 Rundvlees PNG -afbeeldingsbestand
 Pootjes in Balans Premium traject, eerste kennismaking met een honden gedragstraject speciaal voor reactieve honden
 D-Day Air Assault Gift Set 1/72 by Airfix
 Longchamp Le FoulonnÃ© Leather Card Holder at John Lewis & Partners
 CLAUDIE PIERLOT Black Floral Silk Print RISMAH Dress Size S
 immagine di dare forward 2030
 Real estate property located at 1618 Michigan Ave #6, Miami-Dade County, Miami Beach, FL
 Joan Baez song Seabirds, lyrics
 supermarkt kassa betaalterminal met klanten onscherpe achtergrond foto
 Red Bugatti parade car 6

··········

> **REQUIRED ACTION**:
An exact repeat of all the entries above is required.

> **TASK RESULT**:
 Rundvlees PNG -afbeeldingsbestand
 Pootjes in Balans Premium traject, eerste kennismaking met een honden gedragstraject speciaal voor reactieve honden
 D-Day Air Assault Gift Set 1/72 by Airfix
 Longchamp Le FoulonnÃ© Leather Card Holder at John Lewis & Partners
 CLAUDIE PIERLOT Black Floral Silk Print RISMAH Dress Size S
 immagine di dare forward 2030
 Real estate property located at 1618 Michigan Ave #6, Miami-Dade County, Miami Beach, FL
 Joan Baez song Seabirds, lyrics
 supermarkt kassa betaalterminal met klanten onscherpe achtergrond foto
 Red Bugatti parade car 6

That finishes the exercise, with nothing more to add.